Government-run Woodlands Care Home becomes second nursing home to have resident with Covid-19

Woodlands Care Home at 2 Woodlands Rise has 248 beds in its facility. PHOTO: LIANHE ZAOBAO

SINGAPORE - Another nursing home in Singapore has been hit by Covid-19, raising fresh concerns about vulnerable seniors.

On Monday (April 13), a 77-year-old male resident of Vanguard Healthcare's Woodlands Care Home (WLCH) at 2 Woodlands Rise was confirmed to be infected with Covid-19.

The resident, known as Case 2,561, tested positive for the infection on Sunday afternoon (April 12), and is now in an isolation room at Khoo Teck Phuat Hospital. It is not clear how he got infected, MOH said.

Unlike residents-only nursing homes that had stopped receiving visitors, Vanguard stayed open because it also houses a senior day care centre on its premises. The centre provides day care, dementia day care and rehabilitation services to senior citizens in the area.

The Agency for Integrated Care (AIC) said the centre was allowed to remain open during the circuit-breaker period of enhanced social distancing measures to provide care for clients with no alternative arrangements.

With the confirmed case, the senior care centre has been closed and alternative arrangements have been made for its clients.

In a statement, AIC said that it was working with the Ministry of Health (MOH) to support WLCH in managing the situation.

WLCH, which is run by the Government, has conducted a thorough cleaning and disinfection of the resident's ward and affected areas of the home. It has 248 beds in its facility.

Contact tracing is ongoing and those who had close contact with the resident, including any WLCH staff, will be quarantined.

The Straits Times has reached out to AIC and MOH to find out if the rest of the seniors from the home and centre will be tested, isolated or quarantined.

AIC said that it is working to provide WLCH with manpower support to ensure service continuity, so that residents of the home will not be affected.

Nursing homes have become hotbeds for Covid-19 infections in many parts of the world.

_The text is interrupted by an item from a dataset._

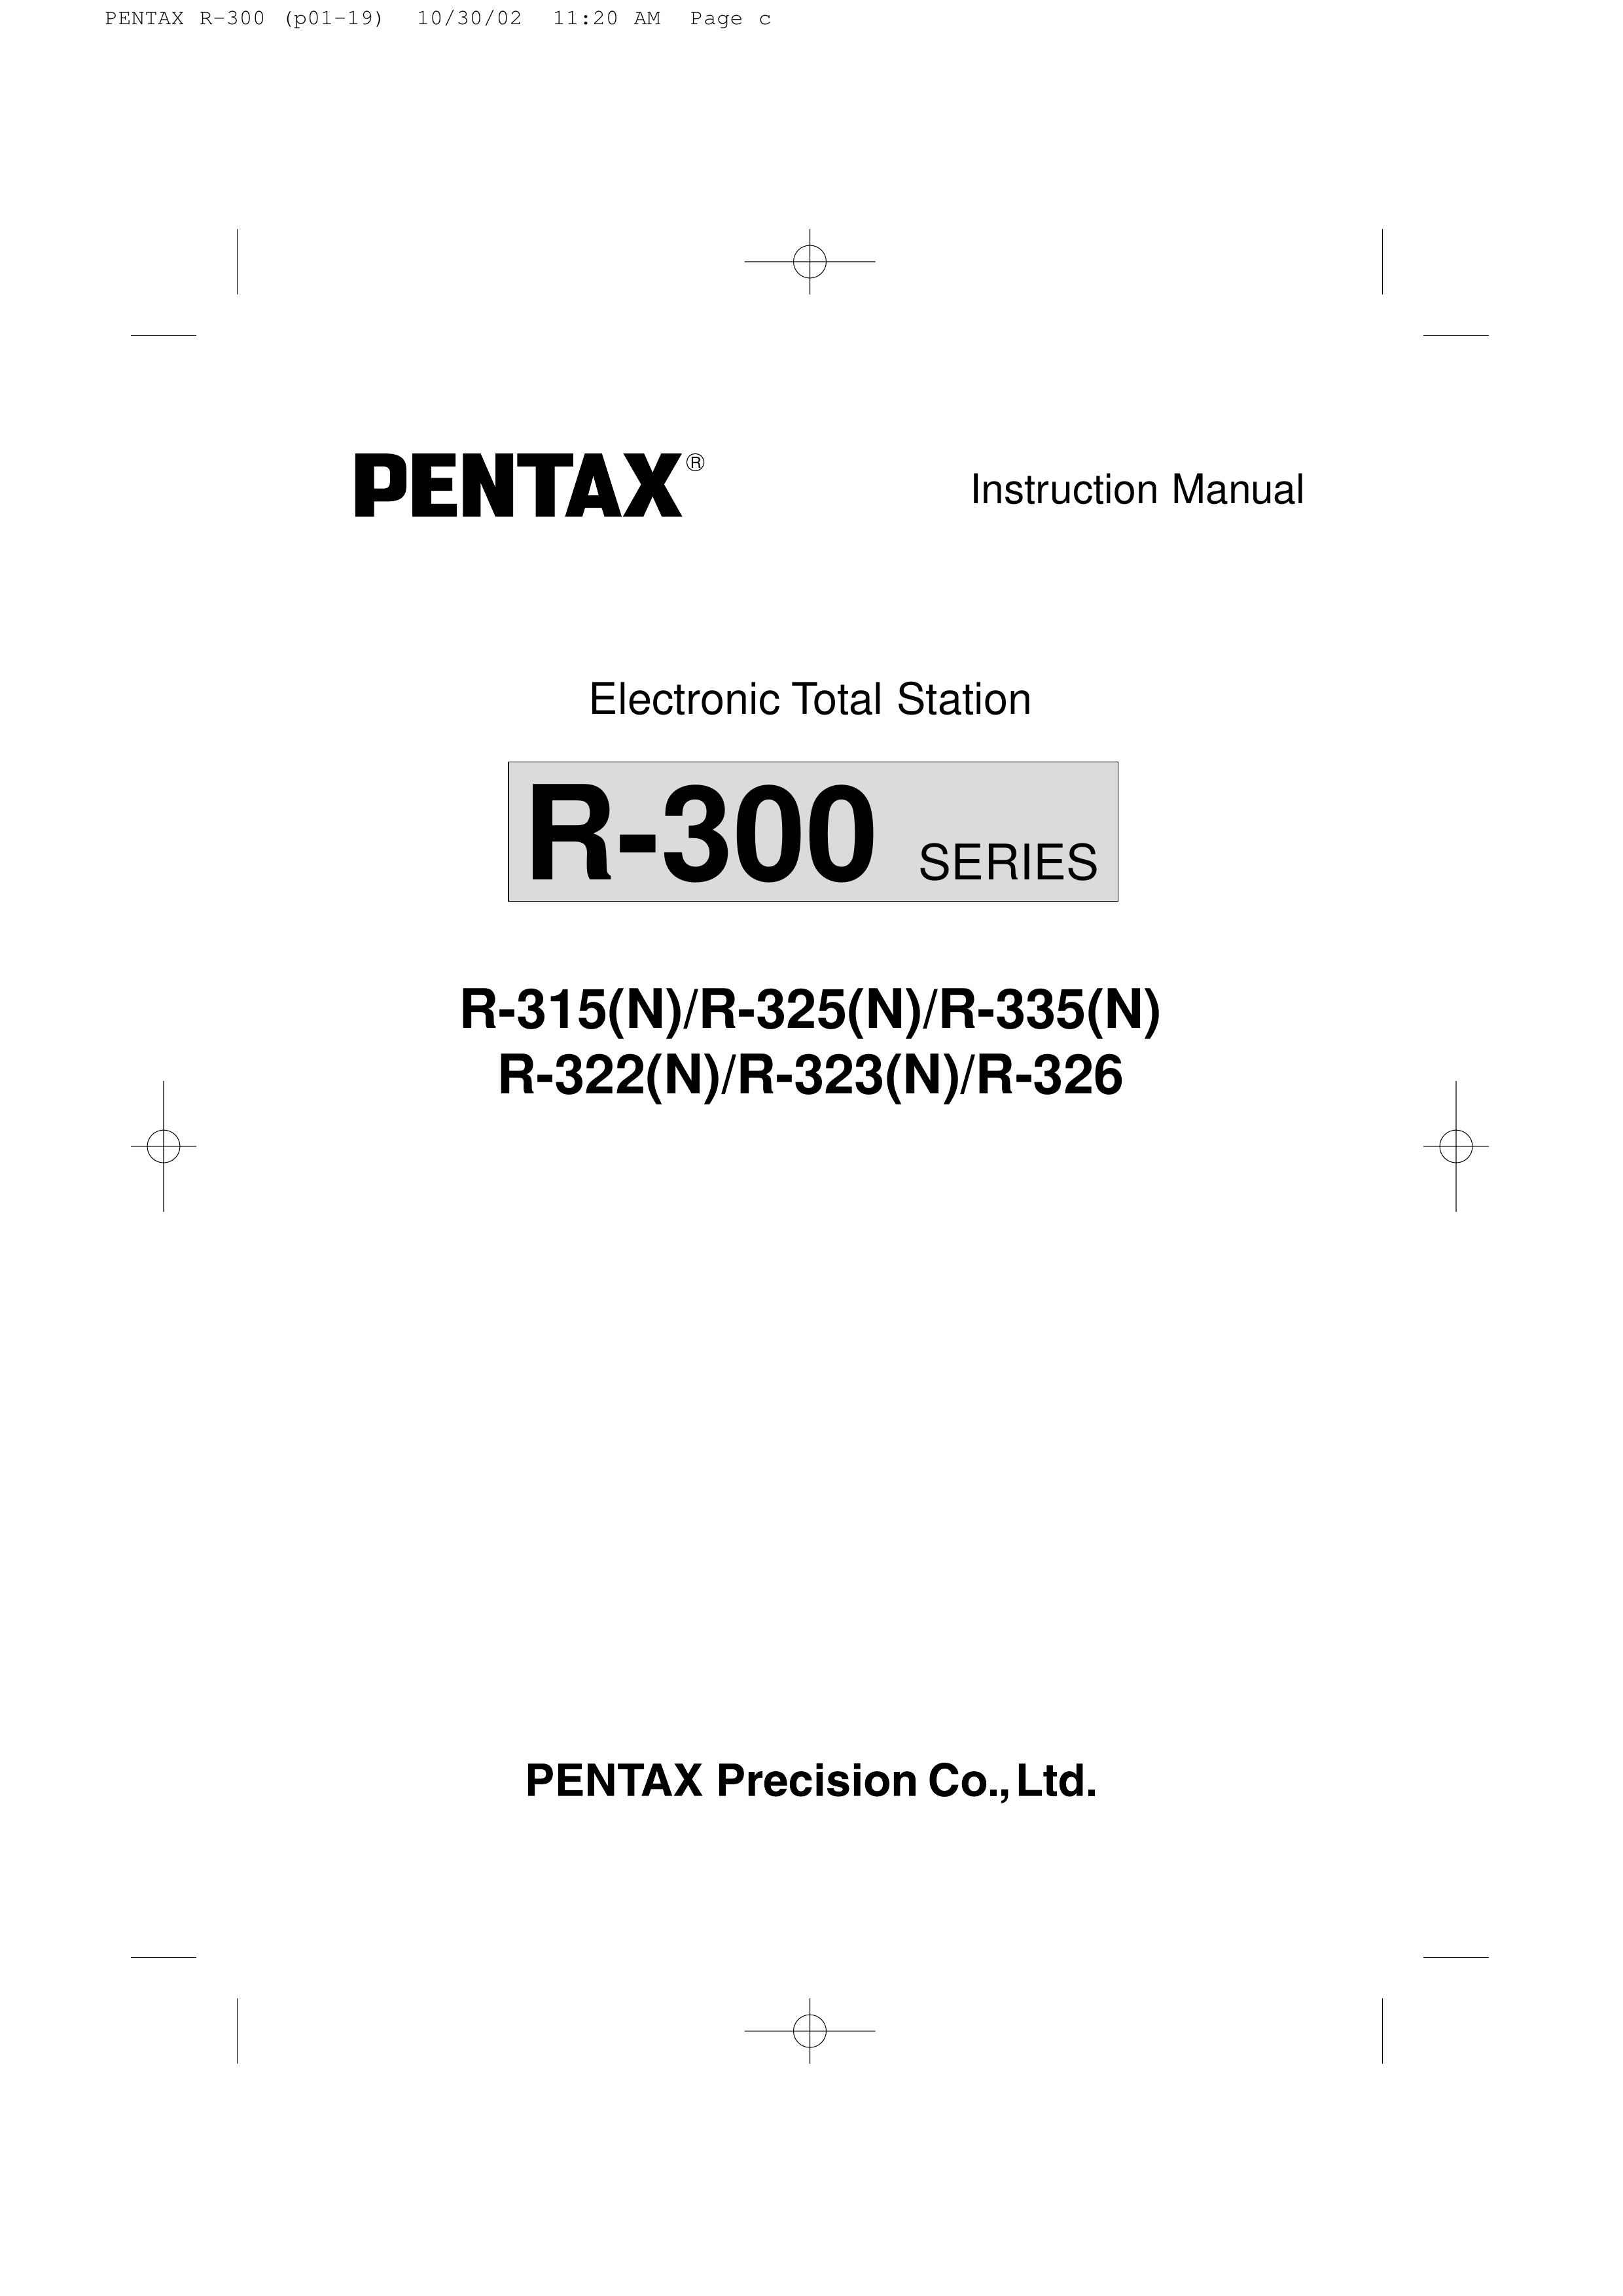 Pentax R-325(N) Telescope User Manual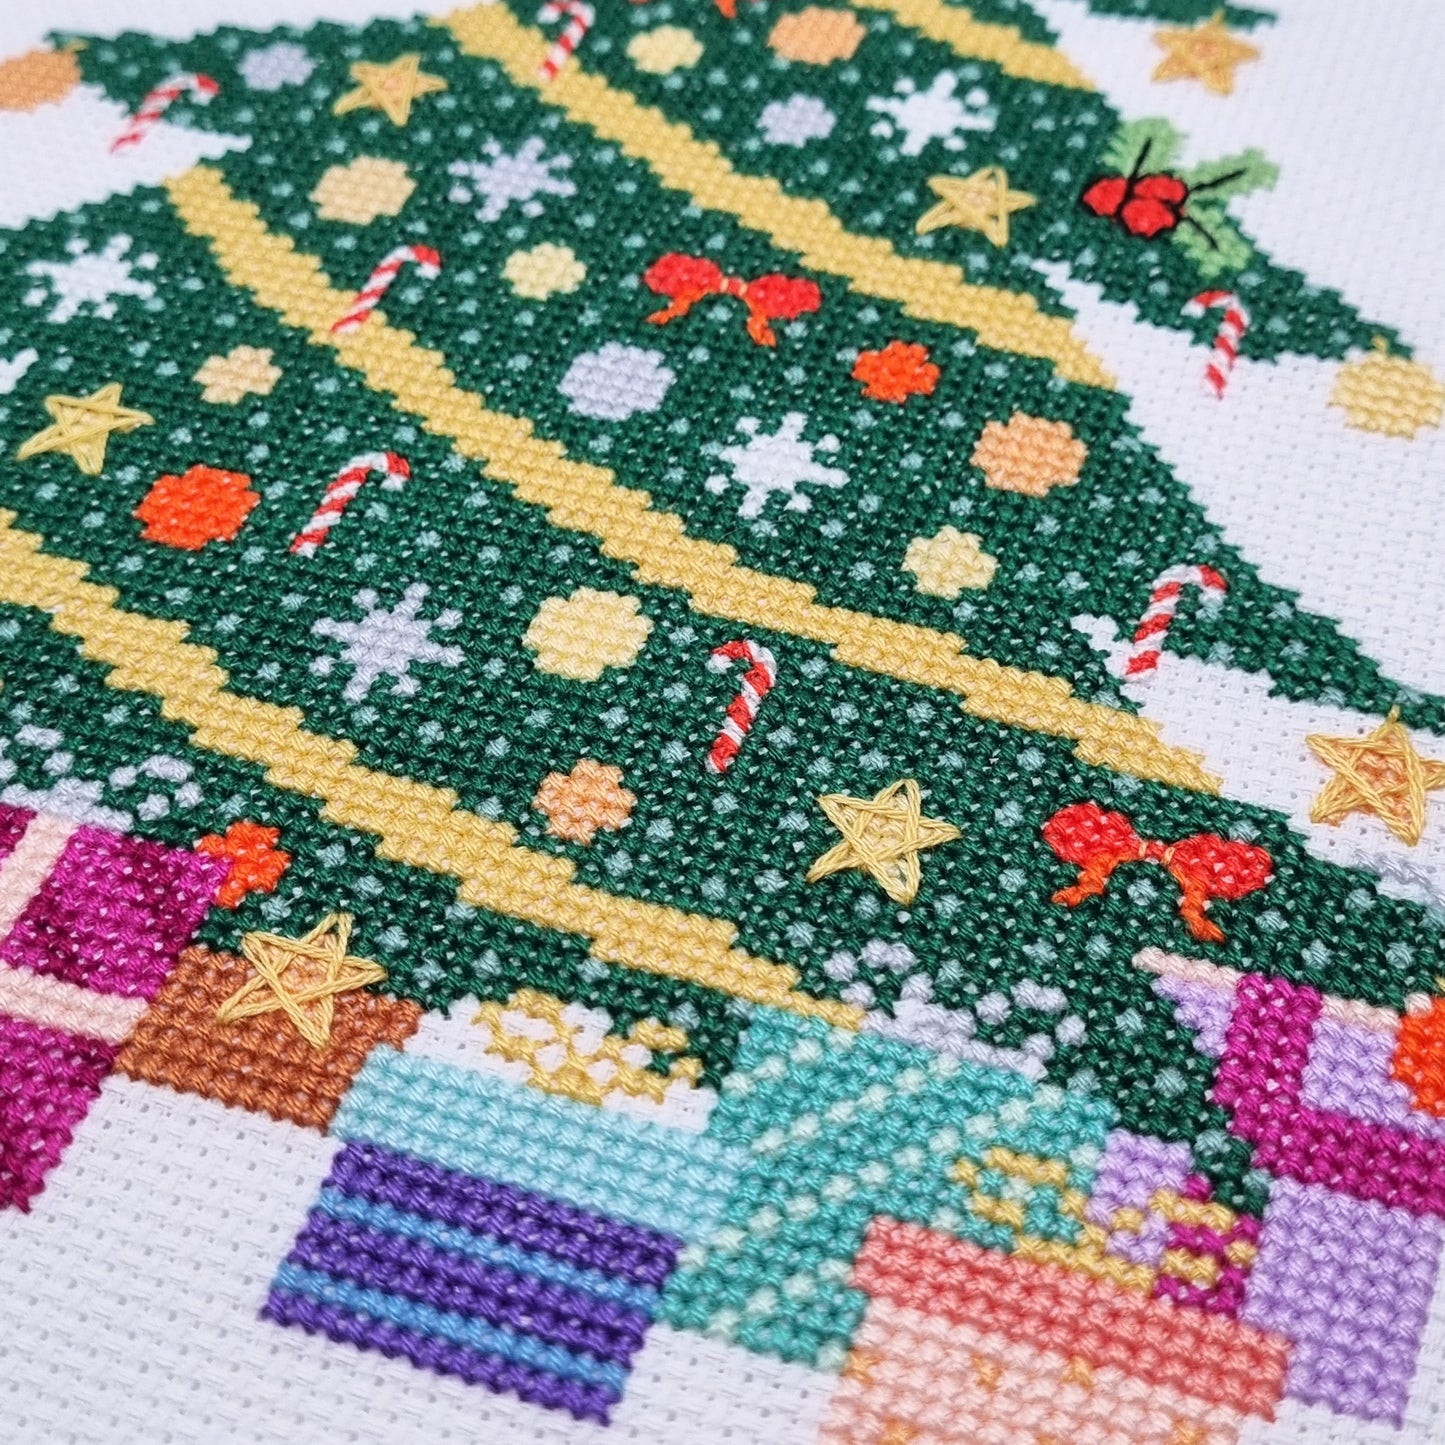 Christmas Tree Cross Stitch Kit

On Monday, Canada's public health office reported that close to half of the 735 deaths in the country so far are linked to long-term care facilities.

In the United States, 127 out of 163 elderly residents of a nursing home in the state of Virginia have tested positive for Covid-19. 42 of those patients have died.

In Singapore, Lee Ah Mooi Old Age Home was the first home to have a case of Covid-19 infection. It saw an outbreak following the first reported case on April 1, with 16 linked cases and two deaths, both 86-year-old female residents.